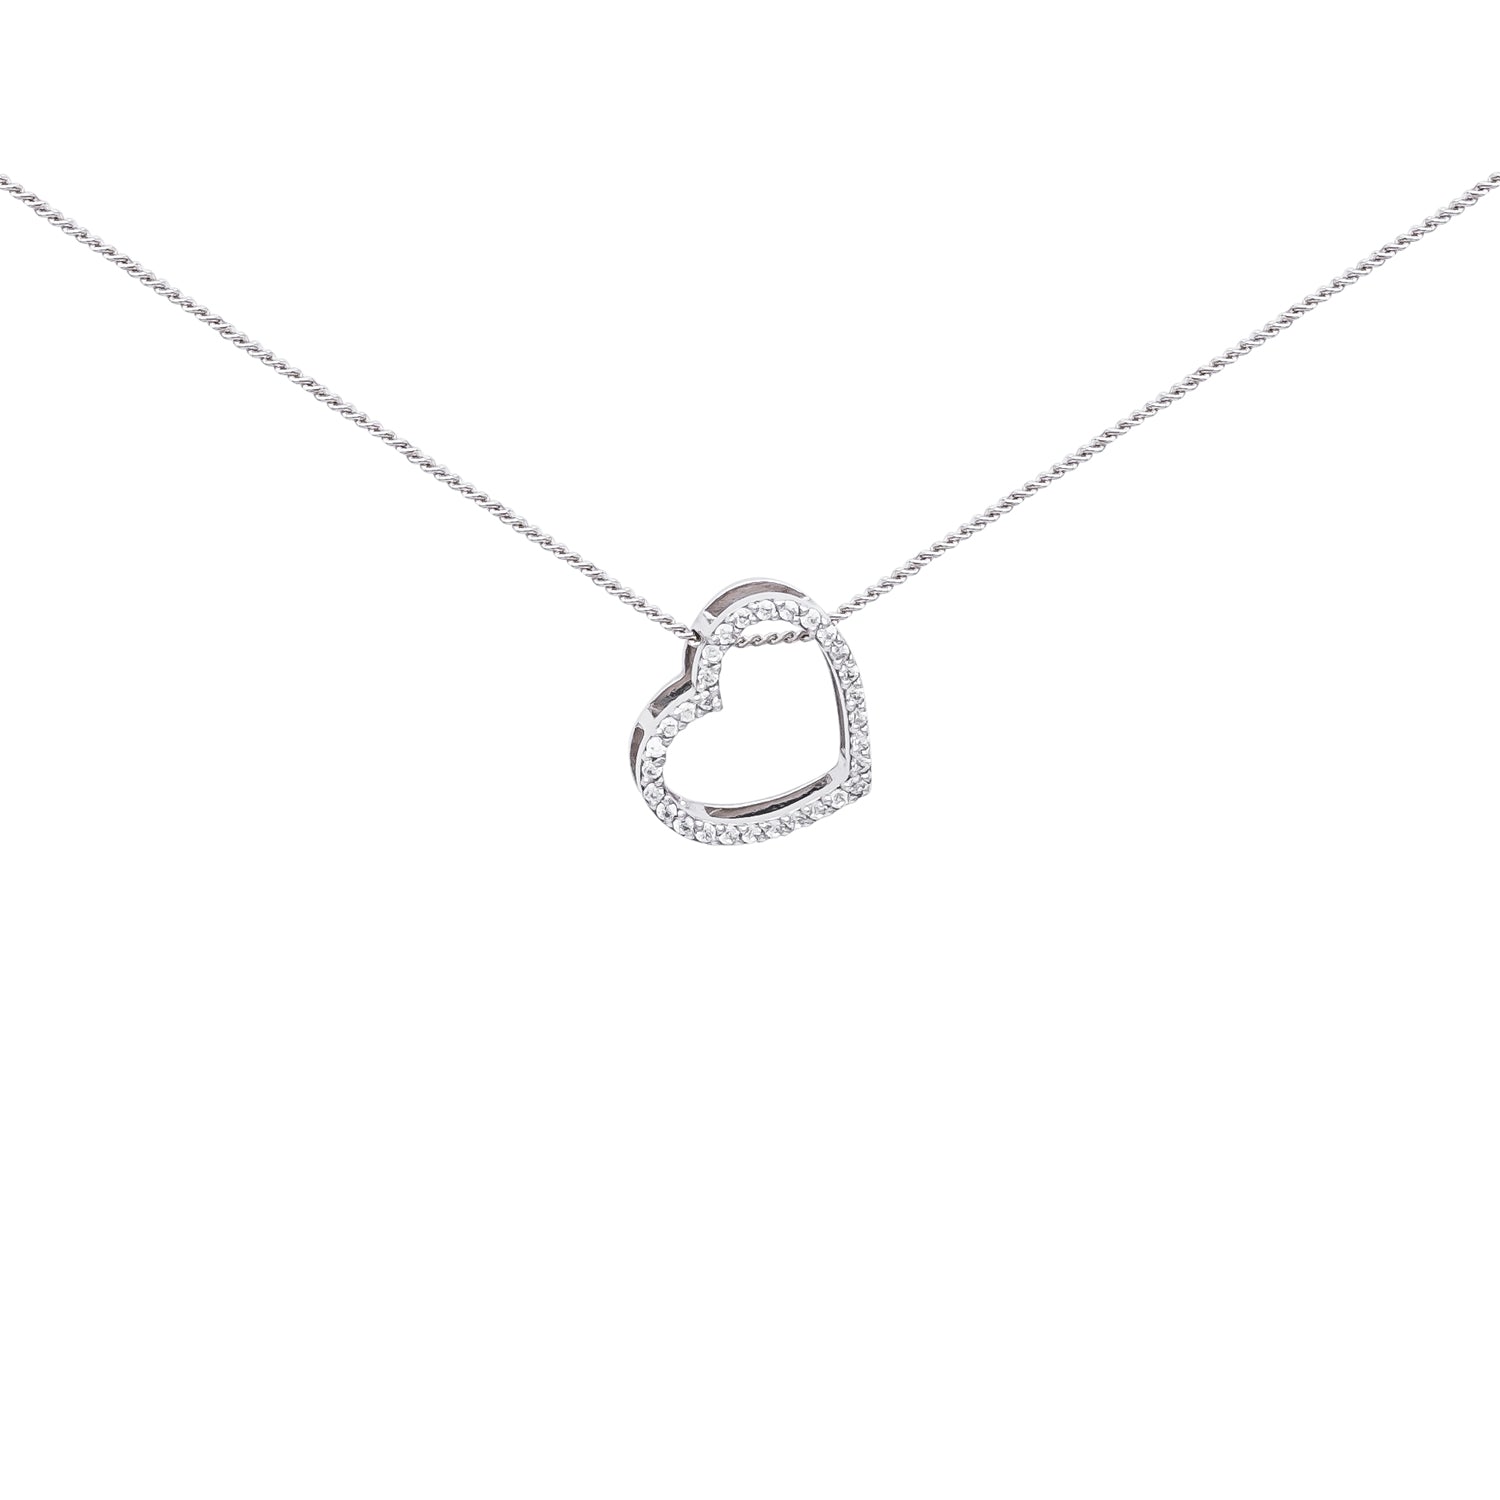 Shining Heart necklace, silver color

———

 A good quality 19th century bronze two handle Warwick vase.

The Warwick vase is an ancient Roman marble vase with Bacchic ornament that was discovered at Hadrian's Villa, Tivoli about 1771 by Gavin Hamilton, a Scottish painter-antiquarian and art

———

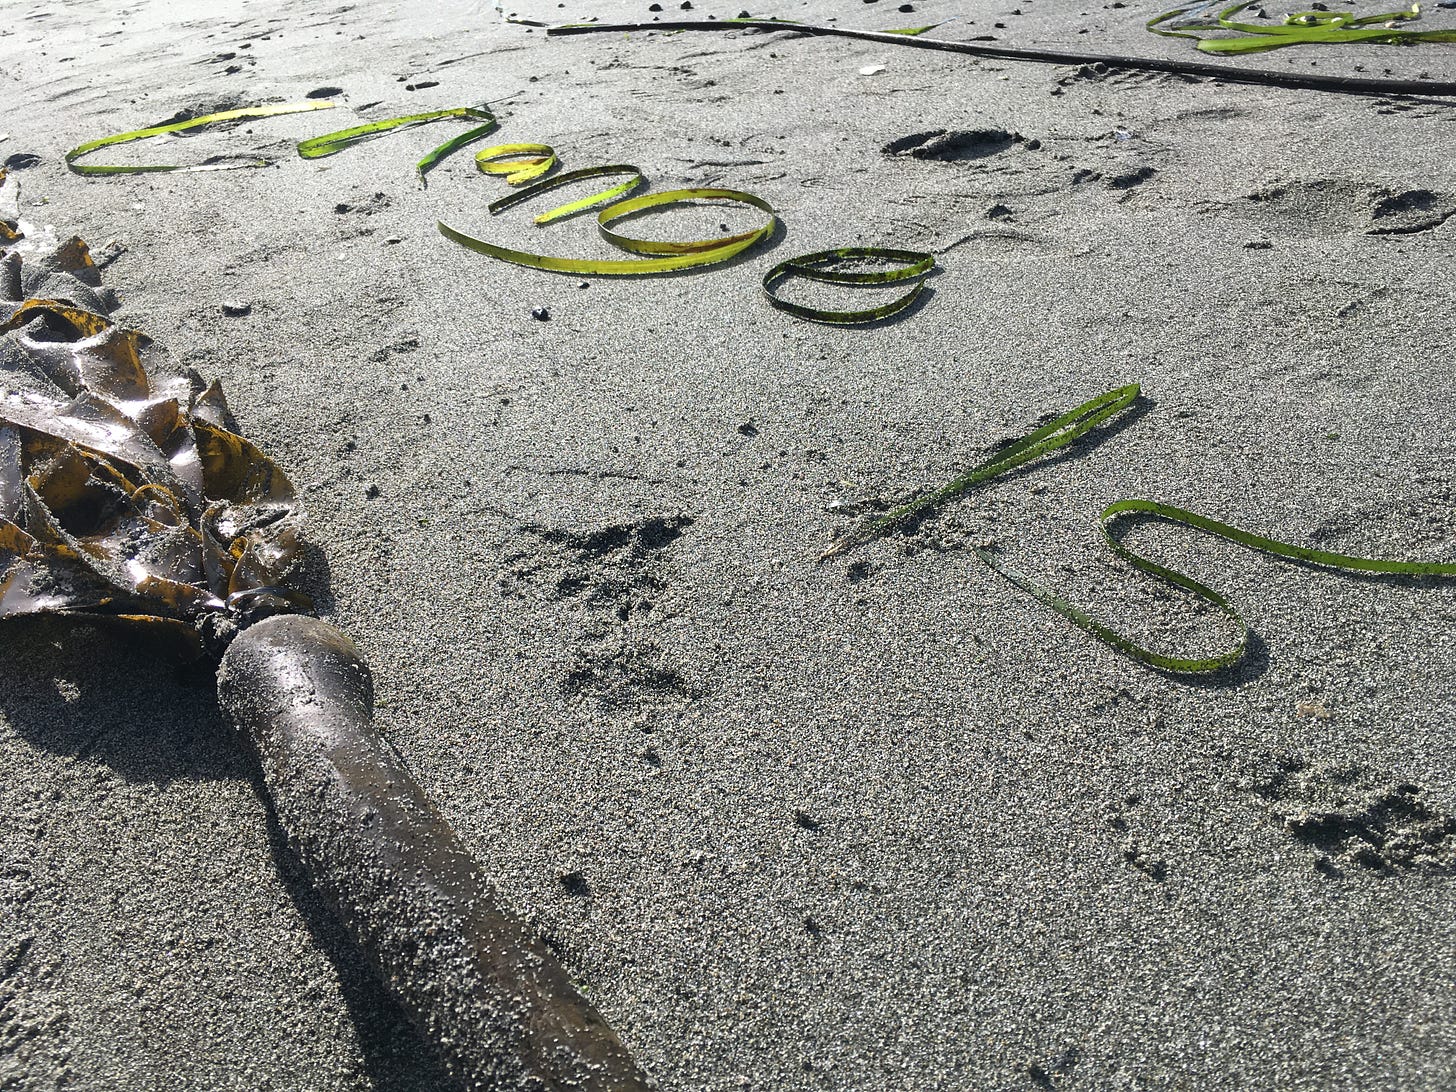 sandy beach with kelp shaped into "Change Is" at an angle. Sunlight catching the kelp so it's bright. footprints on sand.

———

▸ **What is needed**: Only lines with the string "Warwick" are wanted; please find each one in the listing and copy it.

▸ **Exercise solution**:
 A good quality 19th century bronze two handle Warwick vase.
The Warwick vase is an ancient Roman marble vase with Bacchic ornament that was discovered at Hadrian's Villa, Tivoli about 1771 by Gavin Hamilton, a Scottish painter-antiquarian and art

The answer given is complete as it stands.